Following Magnitsky’s death, US Congress passed a bipartisan bill – the Russia and Moldova Jackson-Vanik Repeal and Sergei Magnitsky Rule of Law Accountability Act of 2012. Better known as the Magnitsky Act, this law enables the US to withhold visas and freeze financial assets of Russian officials thought to have been involved in human rights violations.
Following recent events in Salisbury, the UK government has been looking at ways to respond to evidence suggesting that the Russian state was behind the poisoning of Sergei Skripal and his daughter Yulia. The question is, does the UK need its own version of the Magnitsky Act and to what extent are economic sanctions an effective response?
In the UK, the imposition of sanctions has flowed historically from the UN or the EU. Targeted sanctions are agreed at an intra-state level and then brought into UK law by way of a statutory instrument. Following our decision to exit the EU, the UK government has stated its intention to pass legislation which ensures that the UK continues to adopt EU sanctions, as well as allowing the UK to impose its own sanctions. The Sanctions and Anti-Money Laundering (SAML) Bill is currently working its way through parliament and, similar to the Magnitsky Act, would allow the UK government to impose its own sanctions, separately from the UN or EU. In addition to UN and EU sanctions, the SAML Bill allows for sanctions to be imposed by the UK for ‘discretionary purposes’.

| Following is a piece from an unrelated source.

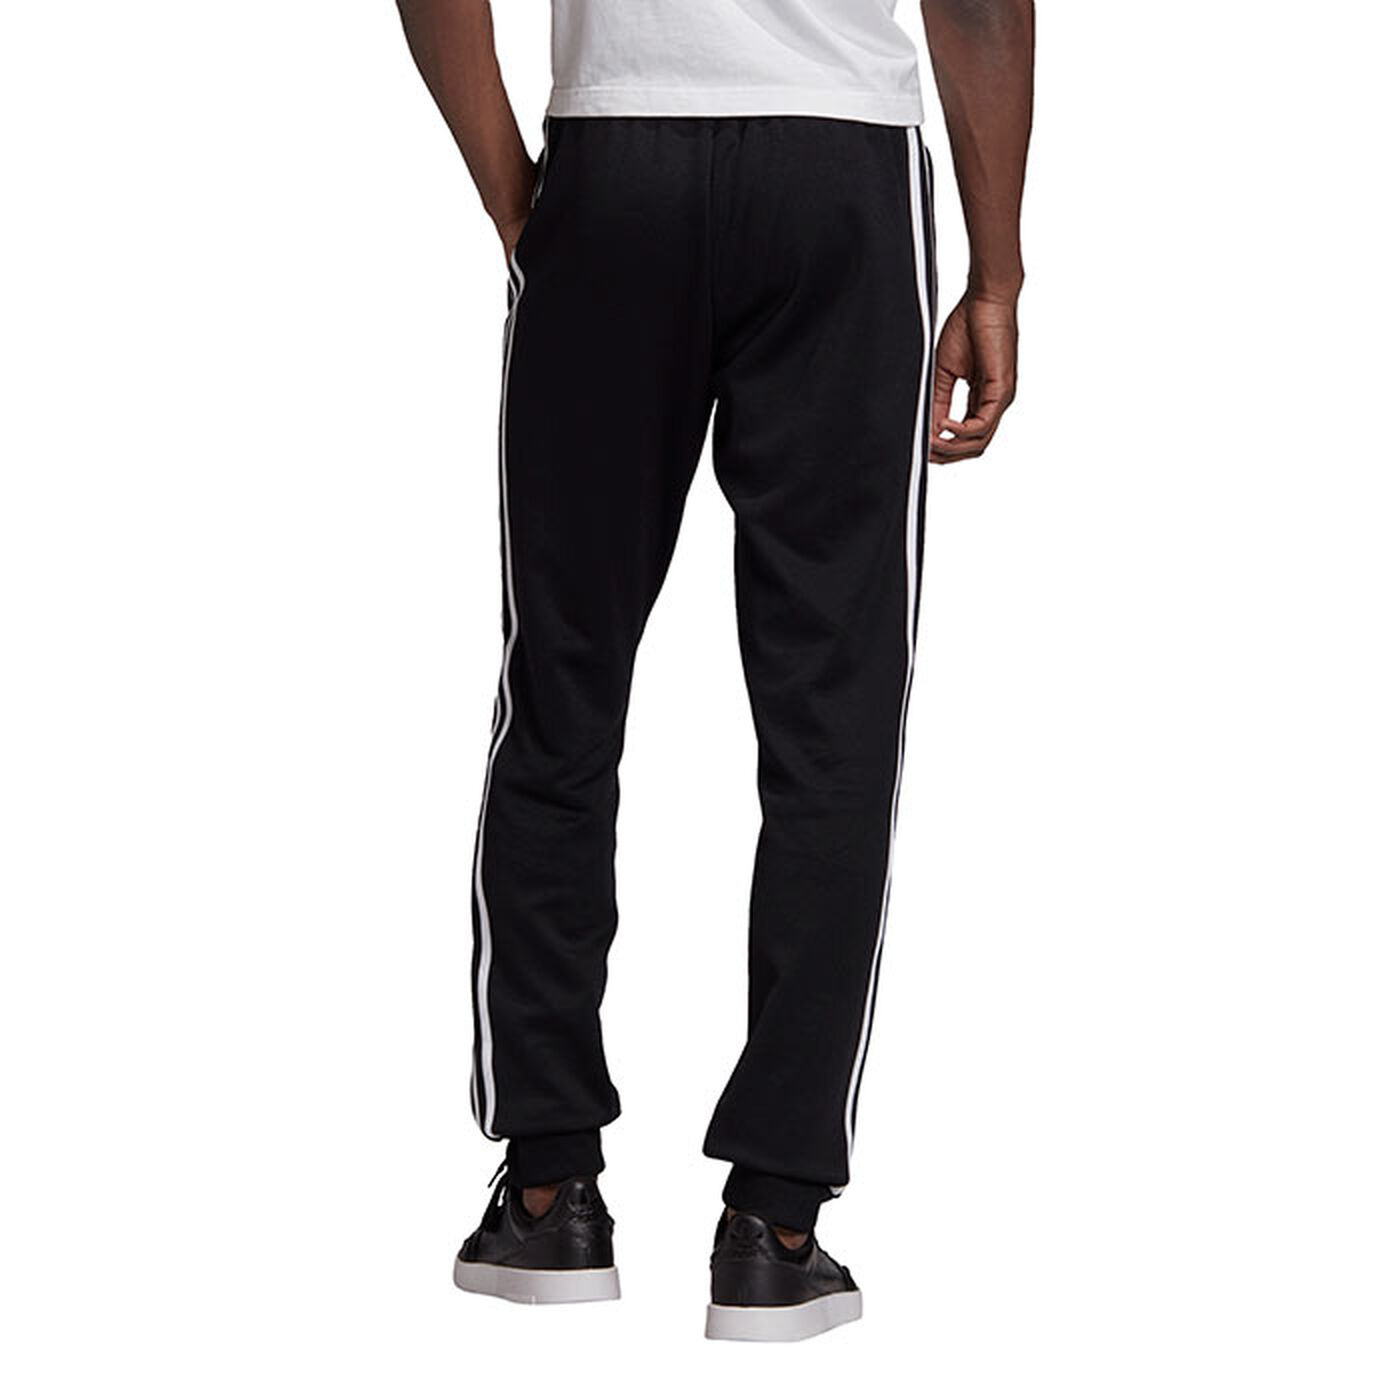 Men's Adicolor Classics Primeblue SST Track Pant | adidas Originals ...

These are defined as: for furthering the prevention of terrorism, in the UK or elsewhere;
- if the sanctions are in the interests of national security;
- if the sanctions are in the interests of international peace and security;
- for furthering a foreign policy objective of the government of the UK;
- to promote the resolution of armed conflicts or the protection of civilians in conflict zones;
- to promote compliance with international humanitarian and human rights law;
- to contribute to multilateral efforts to prevent the spread and use of weapons and materials of mass destruction; or
- to promote respect for human rights, democracy, the rule of law and good governance.
The SAML Bill requires a minister to make ‘sanctions regulations’ where they consider it appropriate for the purposes set out above. The minister must have considered whether there are good reasons to pursue the purpose and be satisfied that the imposition of sanctions is a reasonable course of action for that purpose.
While this legislation is still to be passed into law by parliament, some have argued that it does not go far enough. Nonetheless, given the circumstances the UK is facing following the Skripal assassination attempt, and the government’s stated desire to react appropriately, this could be the closest the UK gets to a Magnitsky Act.
Yet is the use of economic sanctions truly effective? Put simply, the ultimate aim of a sanction is to change the behaviour of the target country’s leadership or regime; in this case, Russia. It may be that the British government decides to tighten financial sanctions on those alleged to be close to president Putin.
Financial sanctions tend to freeze the assets of individuals or corporate entities, which in practice means that nothing can be done with those assets without the permission of the UK government, through the Office of Financial Sanctions Implementation (OFSI). Given the amount of Russian assets held in the UK, either in the form of liquid assets held by financial institutions or in the form of property, this could potentially be quite effective. The key to the success of any such sanctions is for the right people to be targeted and to negate ways of circumventing them.
The discretionary need for sanctions is a matter for the government and the relevant security services. Their effectiveness is more a matter of legal standing. In recent years there has been a perception that the UK is ‘soft’ on both money laundering and the enforcement of financial sanctions in the City of London. In response to such a charge, the government has purposely sought to tighten the legislation around both money laundering and the sanctions regime alongside effective enforcement. In fact the Treasury Select Committee has just announced its intention to launch an inquiry into economic crime in the UK, looking at money laundering, terrorist financing and sanctions.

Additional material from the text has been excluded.